Tausendmal versprochen, tausendmal nichts passiert

Blöd bei dem Ganzen ist obendrauf die Langzeitwirkung:  Wenn zu viele Labels auf dem Markt sind, die überhaupt icht halten, was sie versprechen, machen sie sozusagen den Labelmarkt sukzessive unglaubwürdig. Wenn Verbraucher:innen erst einmal verstanden haben, dass die Wohlfühlbegriffe und Ordnungssysteme in der Stallhaltung am tatsächlichen Tierwohl bzw. besser gesagt Tierleid gar nichts ändern – warum sollten sie in Zukunft noch irgendeinem Label trauen? Und das wäre fatal für Organisationen, die ehrliche Veränderungen vorantreiben und dies mit einem Siegel oder Label attestieren und öffentlich machen wollen. 

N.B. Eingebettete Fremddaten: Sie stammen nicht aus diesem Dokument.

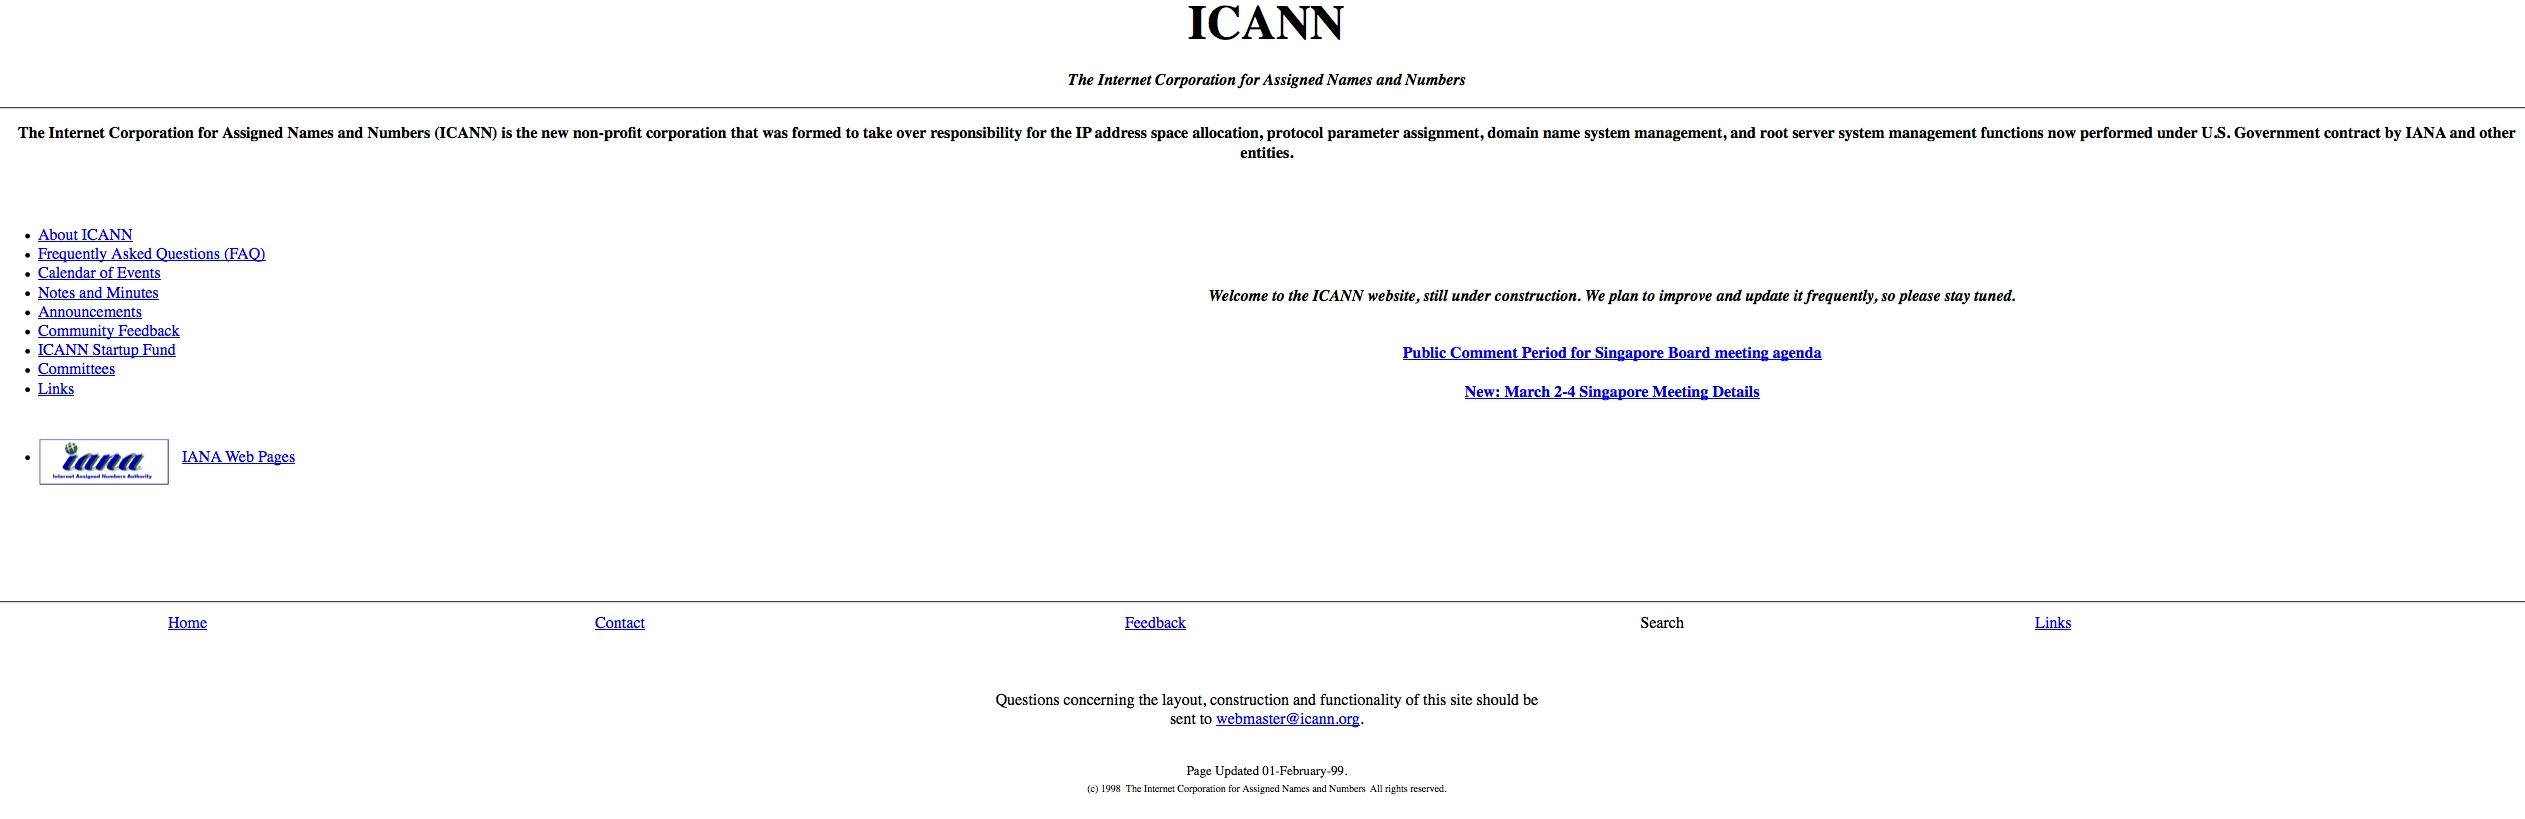 ICANN Site Gets Facelift

Was tendenziell für Labels spricht

Was gut ist an diesem Label-Meer? Ganz klar: Dass Bewegung in die Sache kommt!

Denn davon zeugt das hohe Label-Aufkommen natürlich ganz deutlich – hier wird ein Marktbedürfnis nicht nur wahr- sondern total ernst genommen. Dass von Seiten der Industrie immer mal noch versucht wird zu tricksen, ist nichts Neues. Wird auch noch eine Zeitlang versucht werden. Doch generell ist das Bedürfnis der Menschen nach einer gesünderen, verbesserten, tierwohlgerechteren Haltung doch so weit angestiegen, dass Druck in den marktwirtschaftlichen Kessel kommt.

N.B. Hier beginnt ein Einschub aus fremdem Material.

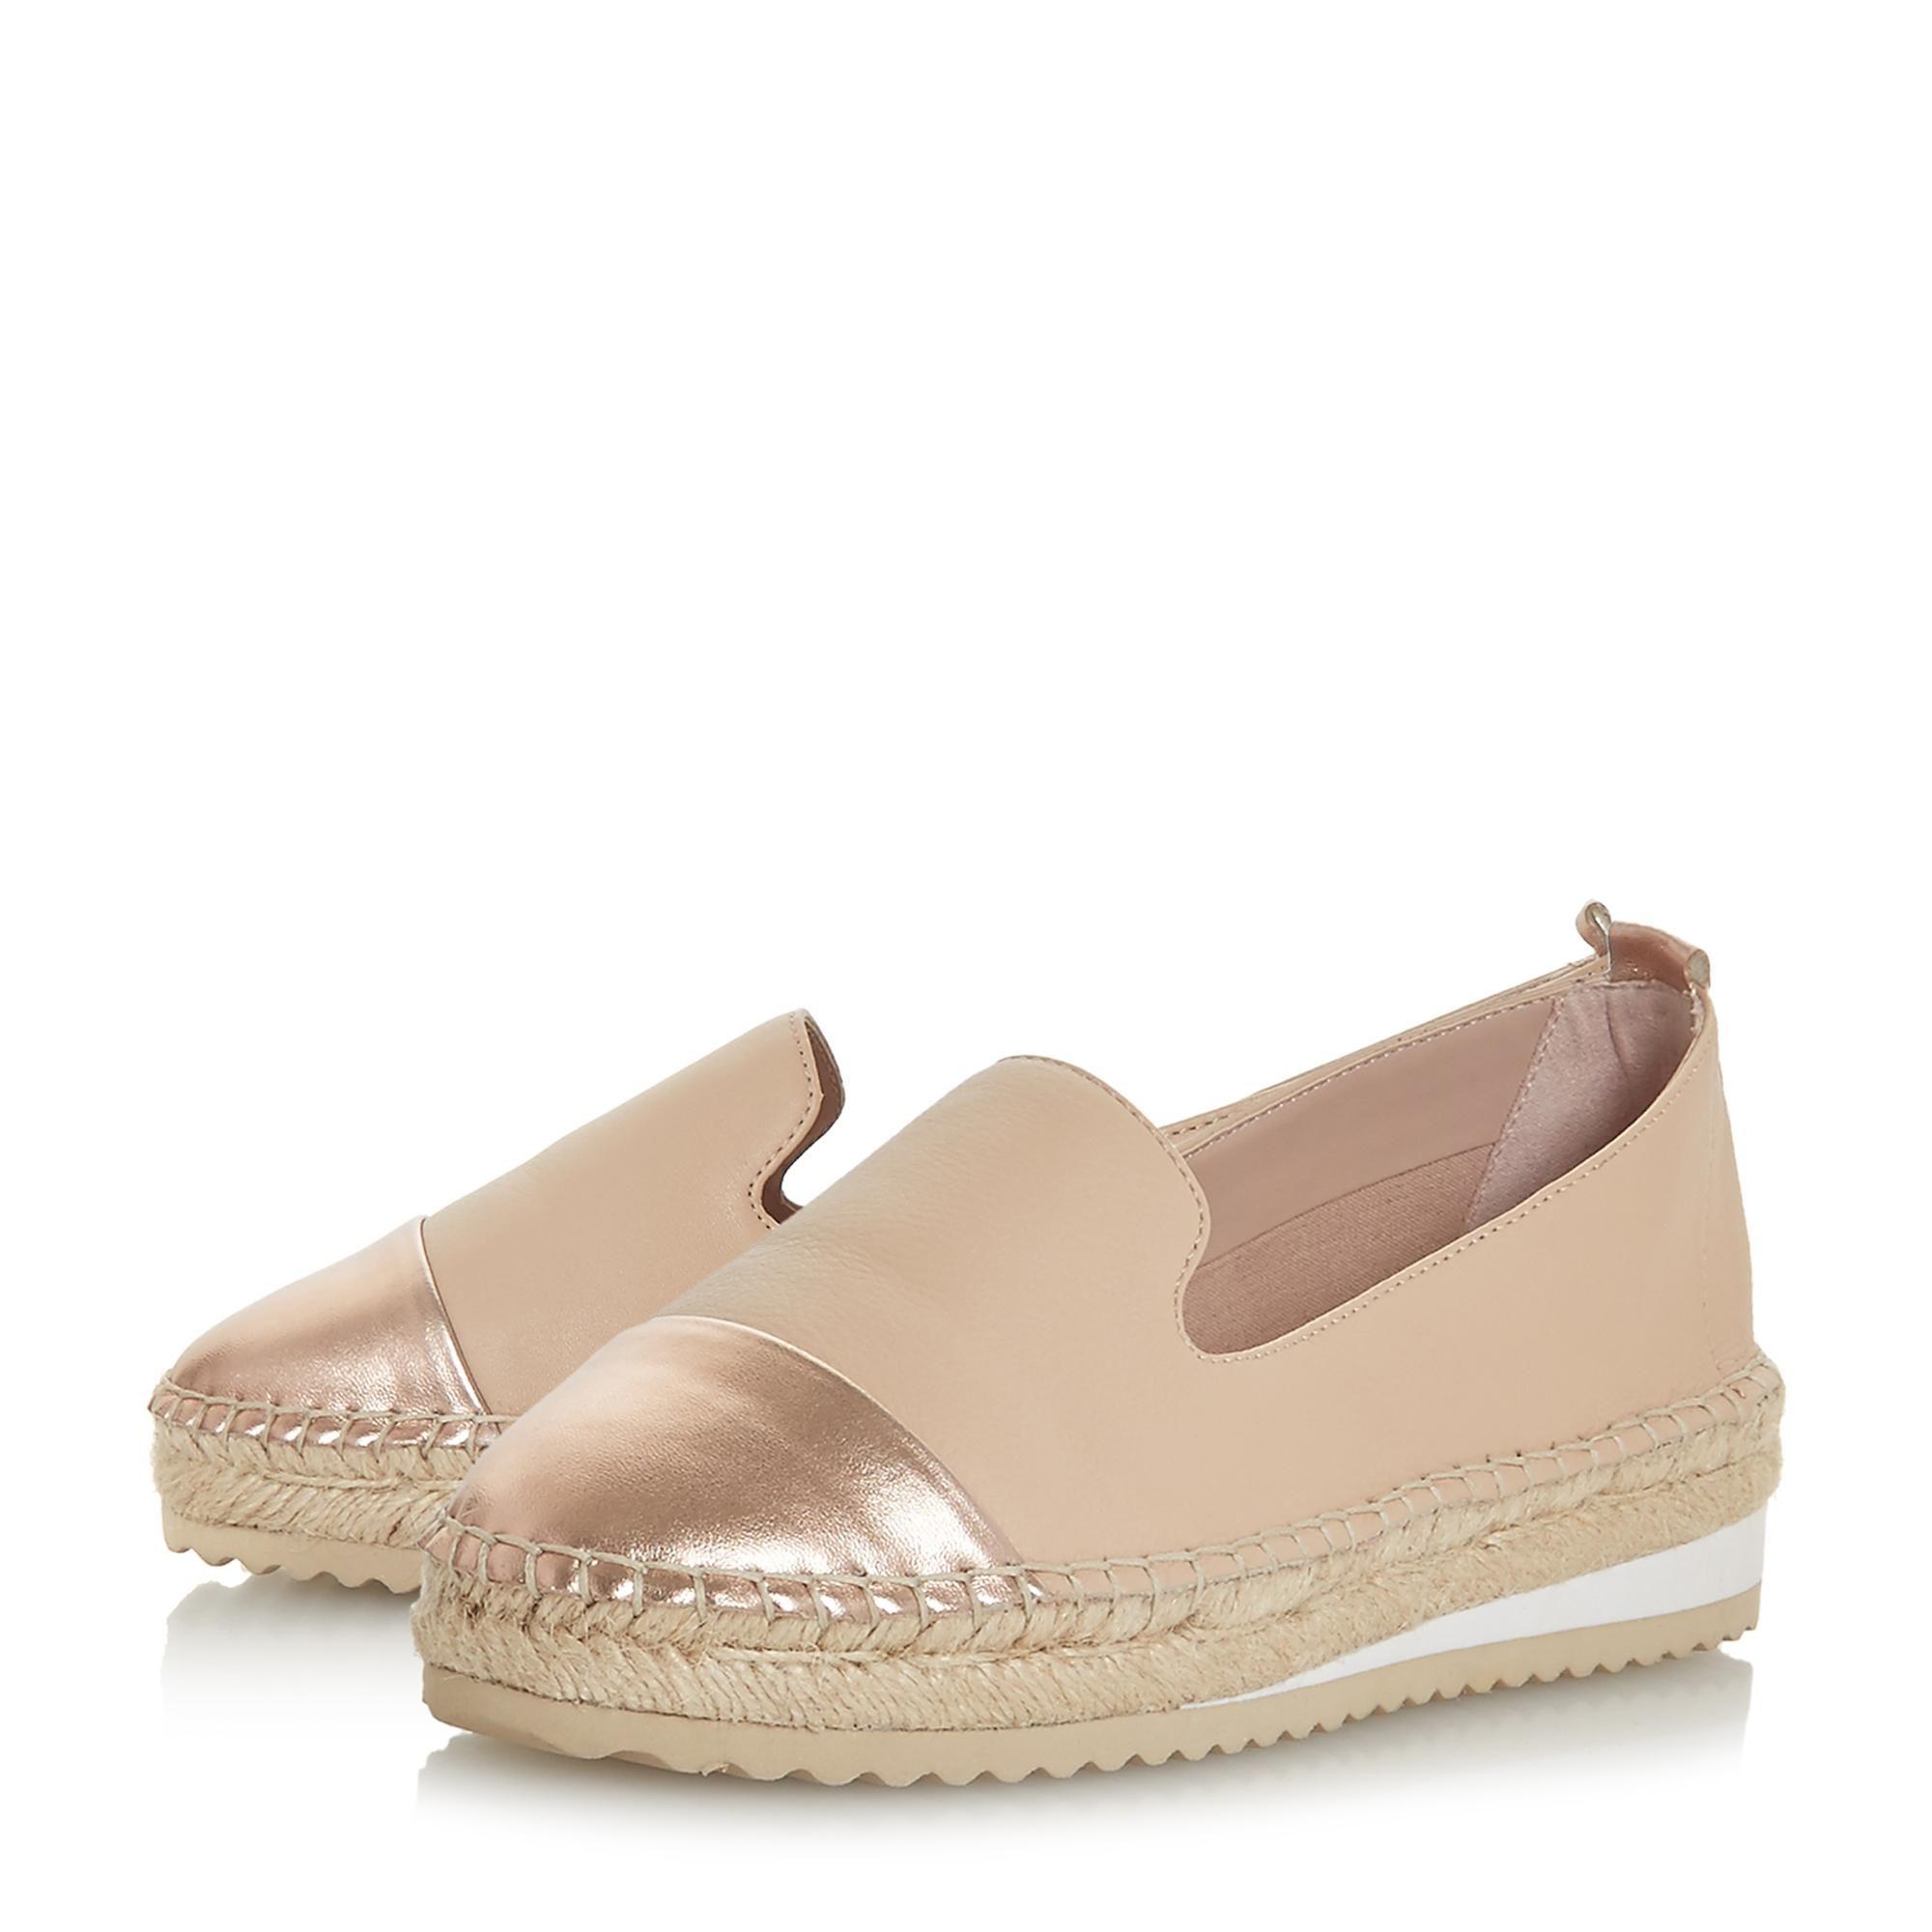 Slip on Shoe with Espadrille Sole and Metallic Toe Cap - Pink Dune London 4rLXYQ

Und der ist jetzt in den Führungsetagen der Lebensmittelindustrie angekommen. Natürlich reicht es nicht, diesen allein an die Kommunikations- und Marketingableitung weiterzureichen. Das muss an anderen Stellen ankommen und umgesetzt werden. Doch wie sagt es Gerald Wehde, Sprecher von Bioland, so schön? „Der Staat hat nicht gehandelt, jetzt haben das die Discounter übernommen“. Stimmt. Und wenn die Discounter nicht anständig handeln, werden auch dies andere übernehmen.

Wie siehst Du es?

Welche Meinung in Bezug auf Labels vertrittst Du? Welchen Labels oder Siegeln vertraust Du beim Einkauf von Fleisch, Milch & Co.? Und bei welchen schwillt Dir der Kamm, da es Deiner Meinung nach ein (Marketing-) Fake ist?